Origin
Hundreds of hours of recordings show that monkeys can generate meaning by pairing sounds. But some scientists are skeptical.

A team of scientists, after listening to hundreds of hours of monkey sounds, claims to have discovered a distinctive feature of human language: the ability to combine sequences of sounds to create new meanings.
The provocative discovery, published Thursday in the journal Science, has drawn praise from some scientists and skepticism from others.
Federica Amici, a primatologist at the University of Leipzig in Germany, said the study helped push the roots of language even further back, to millions of years before our species emerged. “The differences between humans and other primates, including in communication, are much less pronounced and well-defined than we had long assumed,” Dr. Amici said.
But other researchers said the study, which focused on bonobos, close relatives of chimpanzees, could reveal little about how we use words. “The current results tell us nothing about the evolution of language,” said Johan Bolhuis, a neuroscientist at Utrecht University in the Netherlands.
Many species can communicate through sounds. But when an animal makes a sound, it usually means only one thing.
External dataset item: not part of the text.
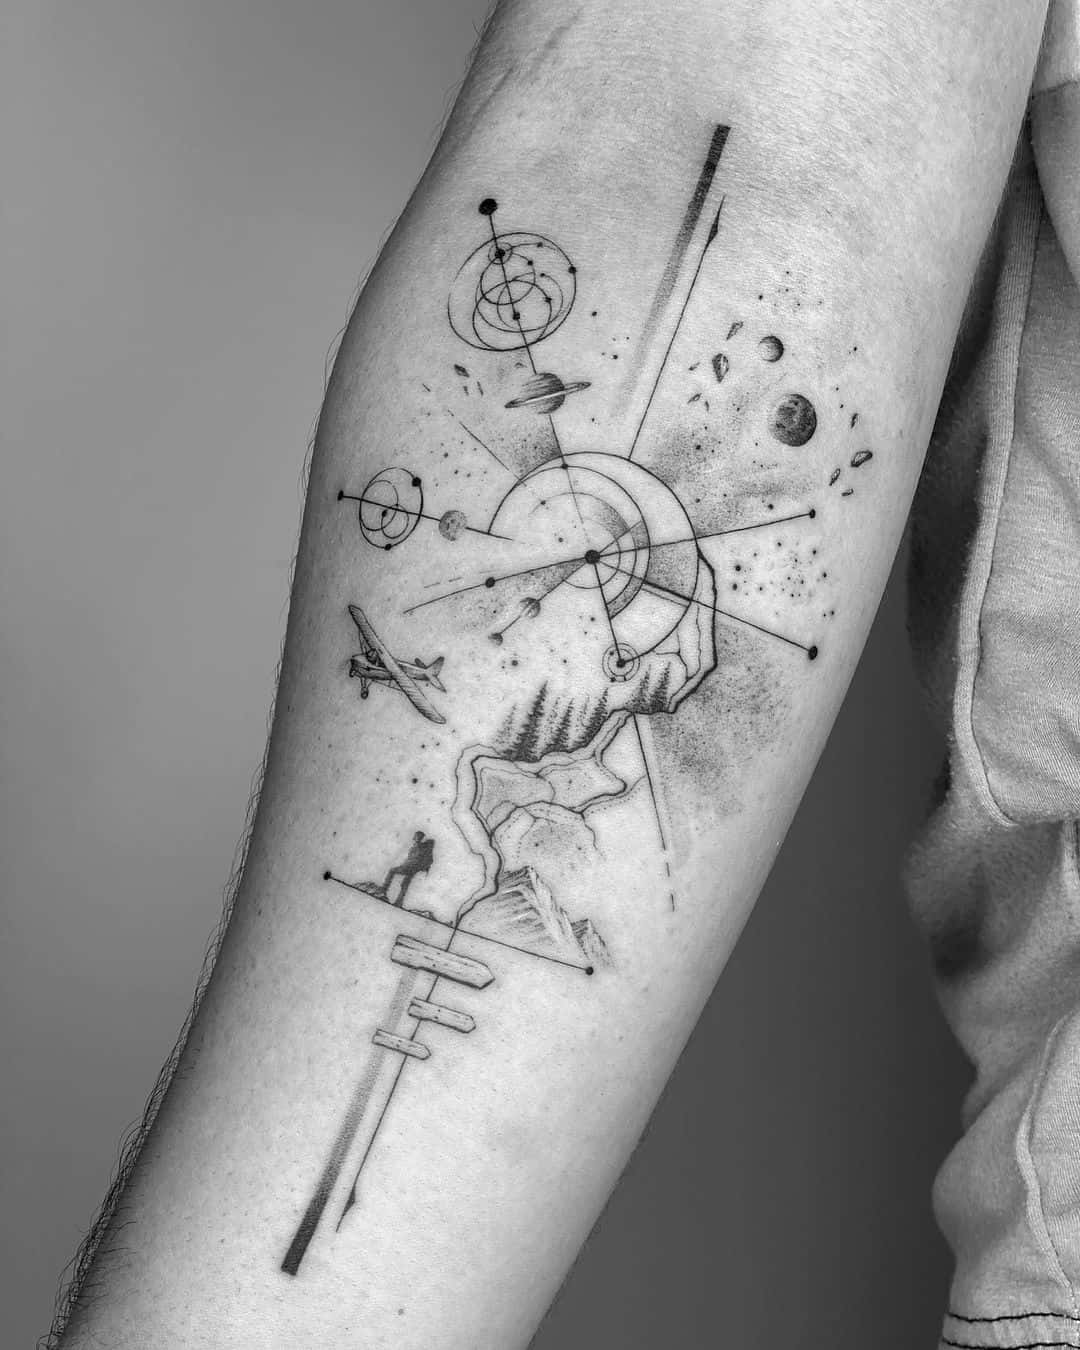 Unique geometric tattoo by judz.ttt

Monkeys, for example, may make one warning cry for a leopard and another for an approaching eagle.
In contrast, we humans can string words together in ways that combine their individual meanings into something new. Suppose I say, “I am a bad dancer.” When I combine the words “bad” and “dancer,” I no longer mean them separately; I do not say, “I am a bad person who also dances.” Instead, I mean that I do not dance well.